Faktual News – Pasar modal Indonesia dikejutkan oleh volatilitas ekstrem pada Kamis (29/1/2026), ketika Indeks Harga Saham Gabungan (IHSG) sempat ambruk parah hingga memicu trading halt. Namun, di tengah kekhawatiran, indeks kebanggaan ini menunjukkan pemulihan dramatis, menutup perdagangan di level 8.232,20, meski masih mencatat pelemahan tipis 1,06 persen. Peristiwa ini langsung mendapat sorotan dari Menteri Koordinator Bidang Perekonomian, Airlangga Hartarto, yang mengungkapkan rasa syukurnya atas respons cepat pemerintah.
Berdasarkan data dari RTI Business, sesi perdagangan hari itu benar-benar menguji mental investor. IHSG sempat anjlok lebih dari 10 persen, menyentuh titik terendah di 7.481,98, sebuah level yang memicu mekanisme trading halt untuk meredam kepanikan. Namun, berkat intervensi dan sentimen positif yang muncul di sesi berikutnya, indeks berhasil berbalik arah secara signifikan sebelum bel penutupan berbunyi.

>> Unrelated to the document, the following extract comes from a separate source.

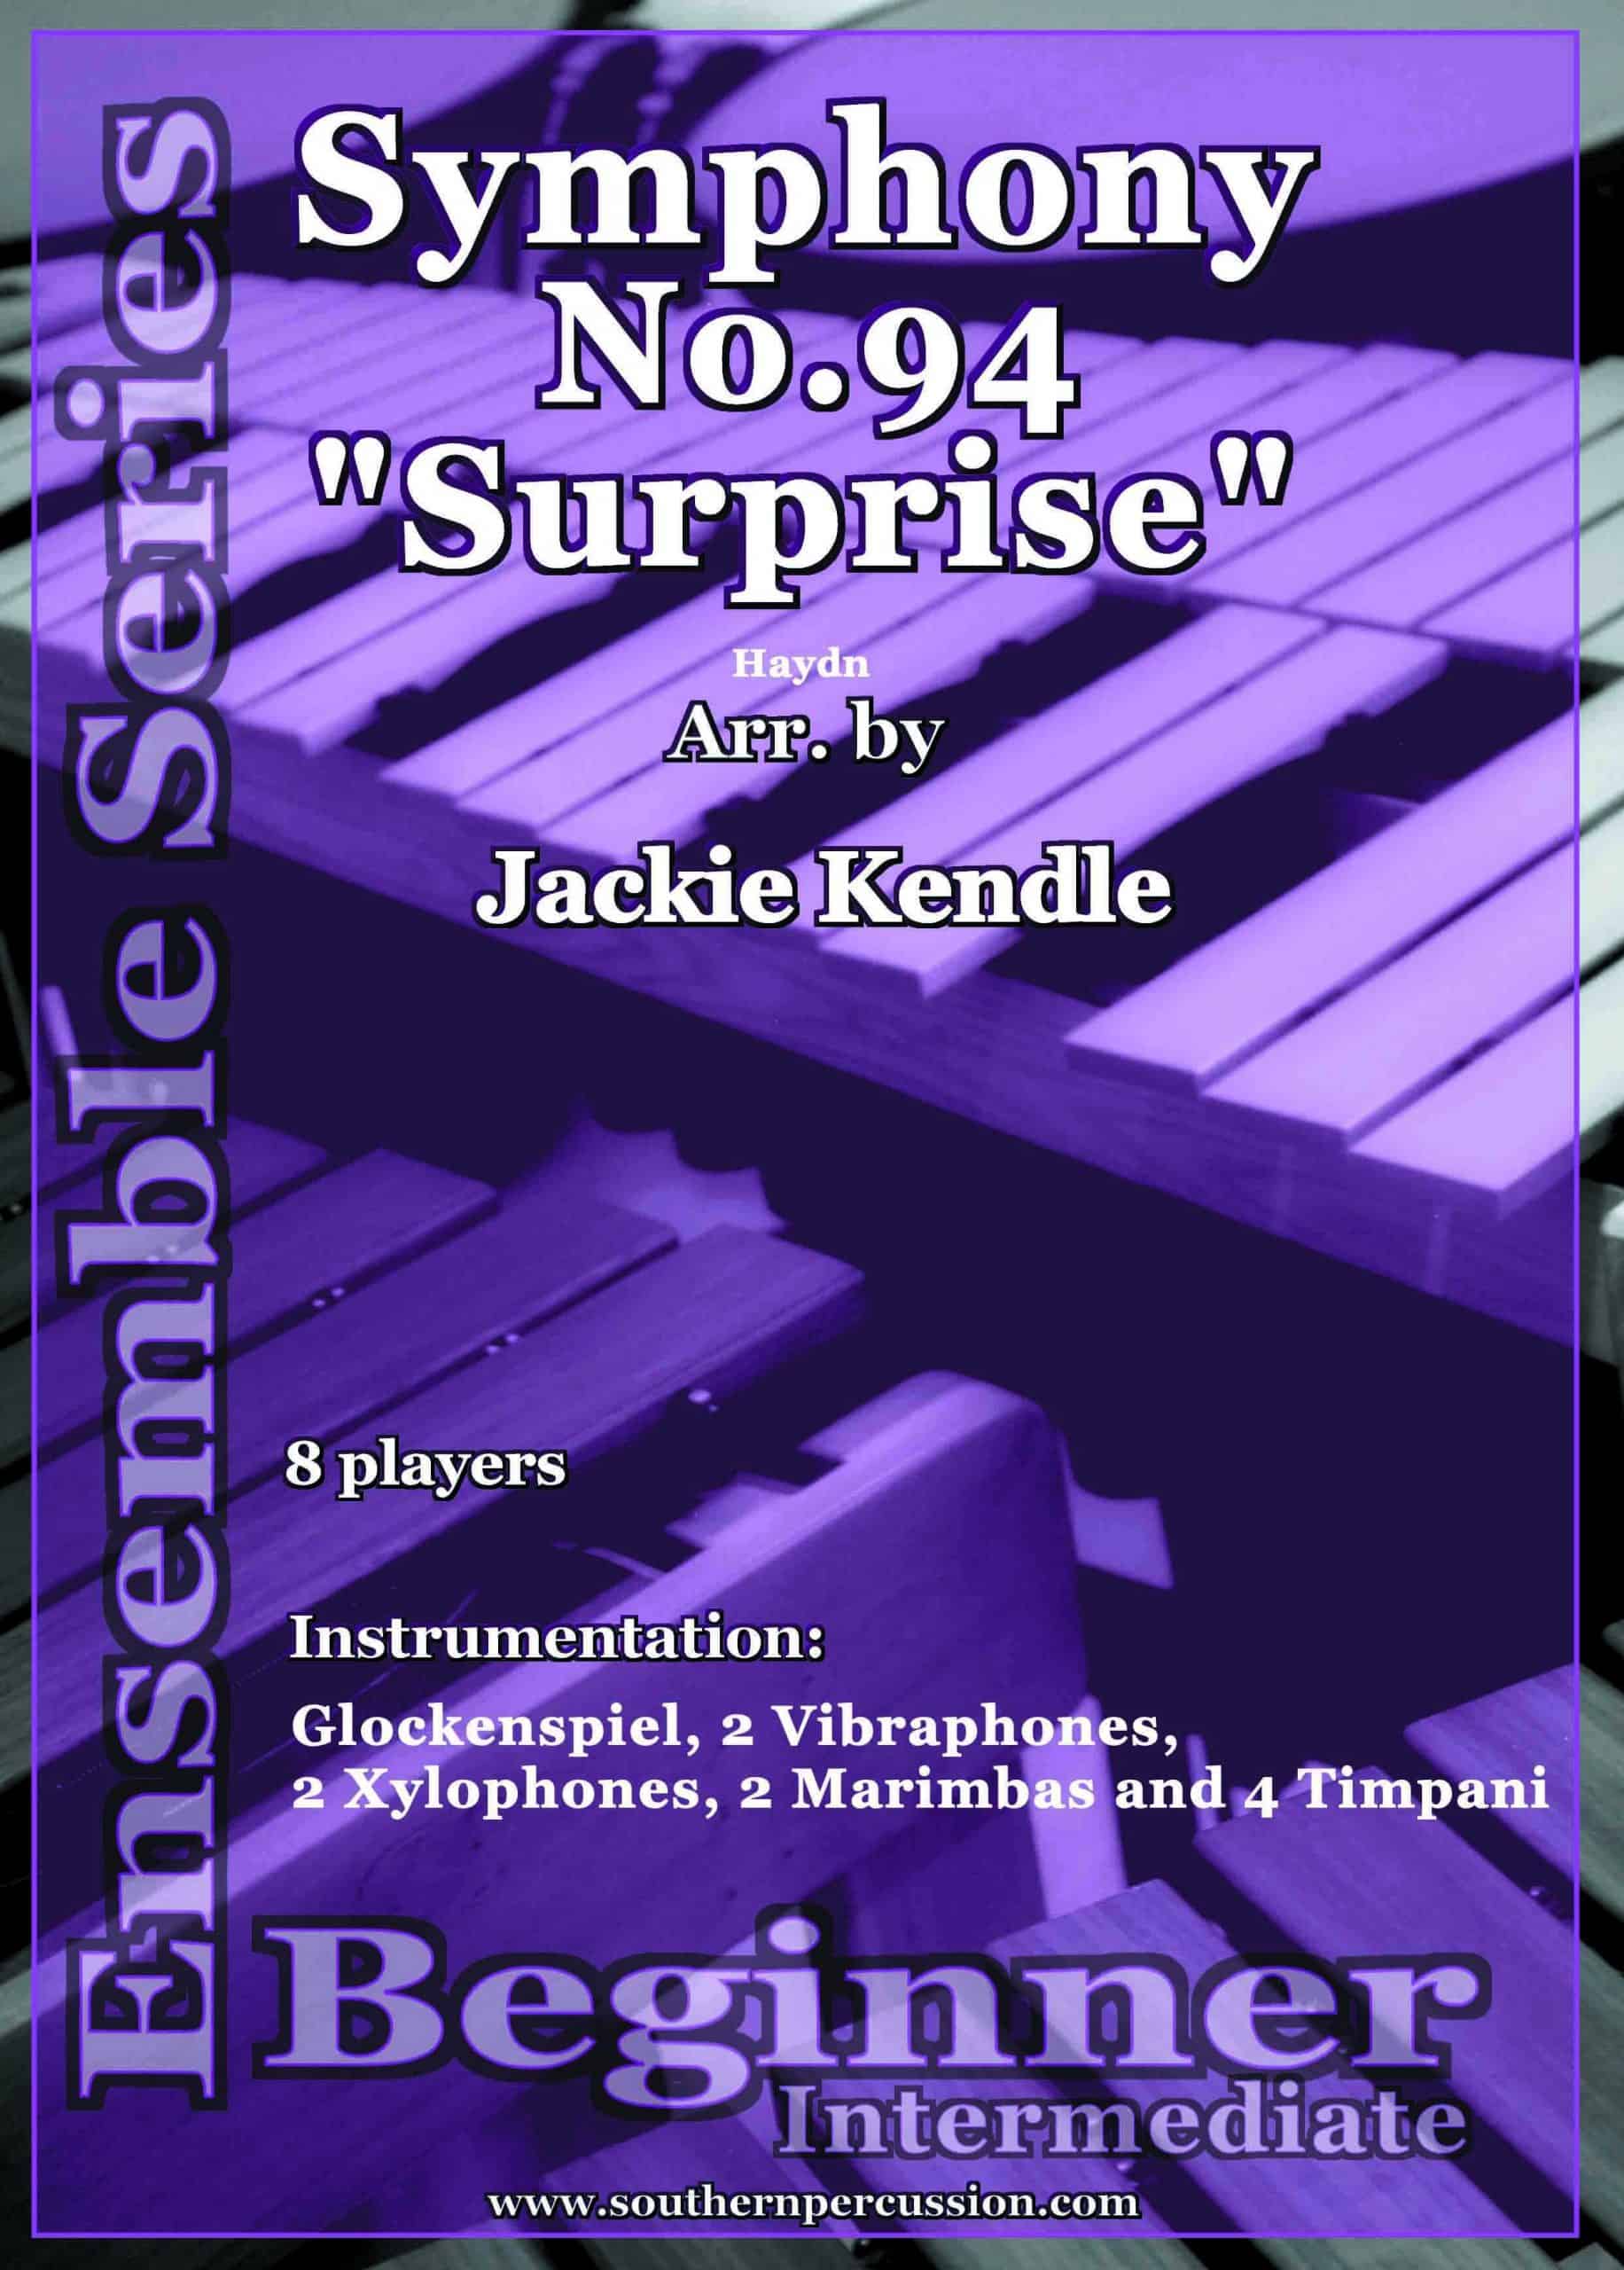 Symphony No. 94 "Surprise" by Haydn arr. Jackie Kendle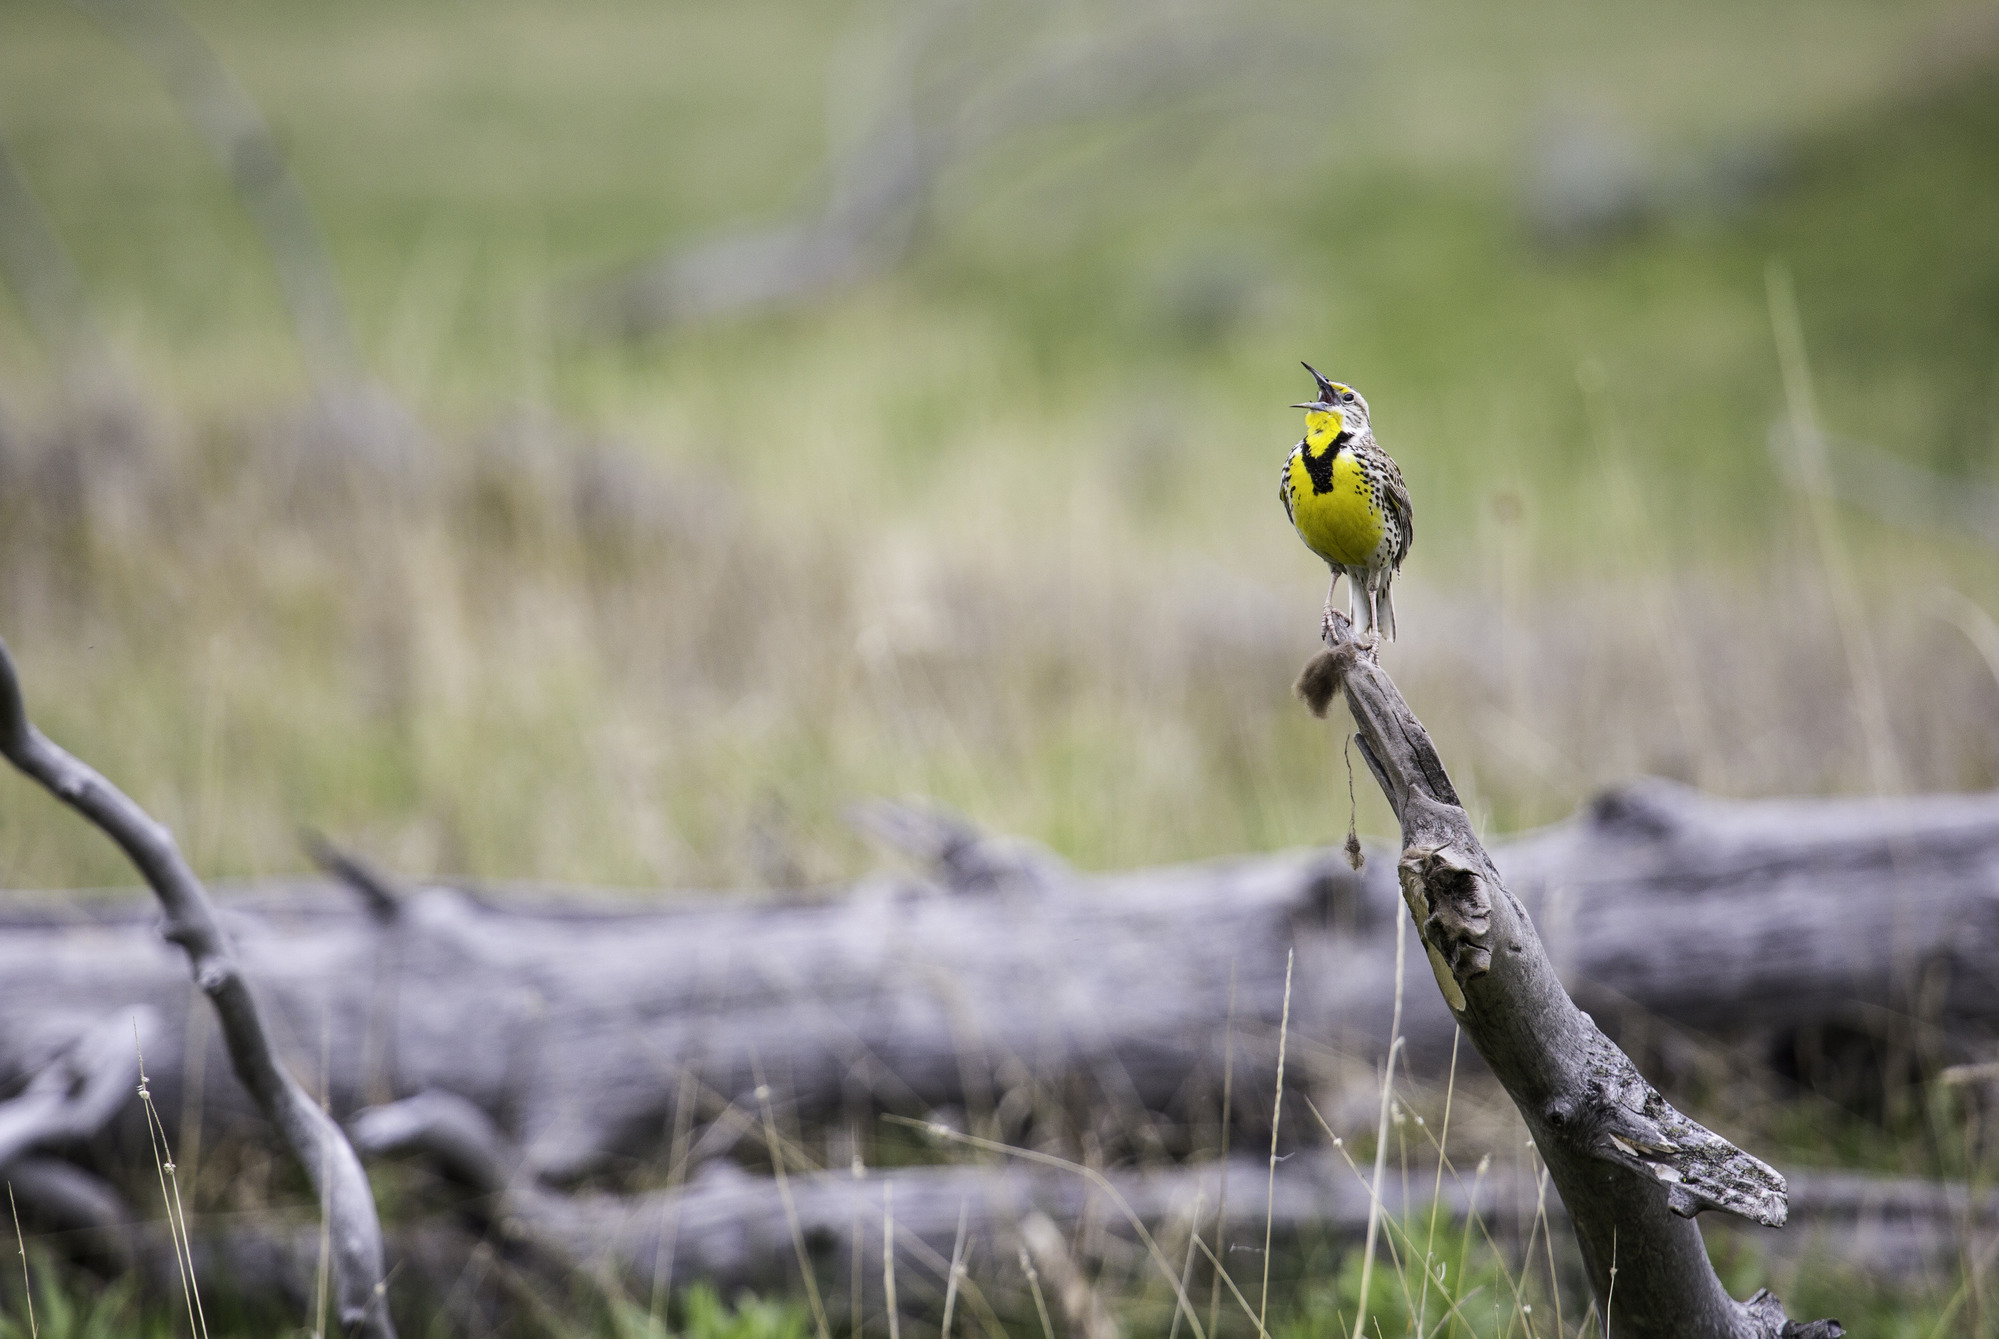 Western meadowlark singing from on top of a fallen tree branch

Menanggapi gejolak pasar yang nyaris mengguncang fondasi bursa, Menko Airlangga Hartarto menegaskan bahwa pemulihan IHSG tak lepas dari langkah sigap dan koordinasi erat antara pemerintah dengan Otoritas Jasa Keuangan (OJK). "Alhamdulillah wa syukurilah, IHSG pulih. Ini faktor karena pemerintah merespons cepat dan tadi dengan OJK sudah kita bahas mengenai mekanisme berikutnya," ujar Airlangga saat ditemui di kantornya, Jakarta, Kamis (29/1/2026). Pernyataan ini memberikan sinyal kuat akan komitmen pemerintah dalam menjaga stabilitas pasar modal.
Lebih lanjut, Airlangga membeberkan salah satu strategi jangka panjang yang tengah digodok untuk memperkuat fundamental pasar. Rencana penerbitan aturan free float minimal 15 persen oleh OJK dan self-regulatory organization (SRO) diyakini akan menjadi pilar penting dalam memperbaiki tata kelola dan meningkatkan transparansi. "Tahap ini cukup. Tapi dalam 15 persen juga harus transparan," tegasnya, menekankan pentingnya keterbukaan di setiap aspek.
Aturan free float ini, menurut Airlangga, bukan sekadar angka. Keterbukaan data mengenai kepemilikan saham yang beredar bebas di publik akan secara gamblang memperjelas struktur kepemilikan. Implikasinya, ini akan sangat efektif dalam memitigasi praktik-praktik saham gorengan yang kerap merugikan investor. "Dalam langkah transparansi daripada free float siapa saja itu kan kelihatan. Jadi itu sudah memitigasi saham gorengan," pungkasnya, menandaskan upaya pemerintah untuk menciptakan pasar yang lebih sehat dan adil.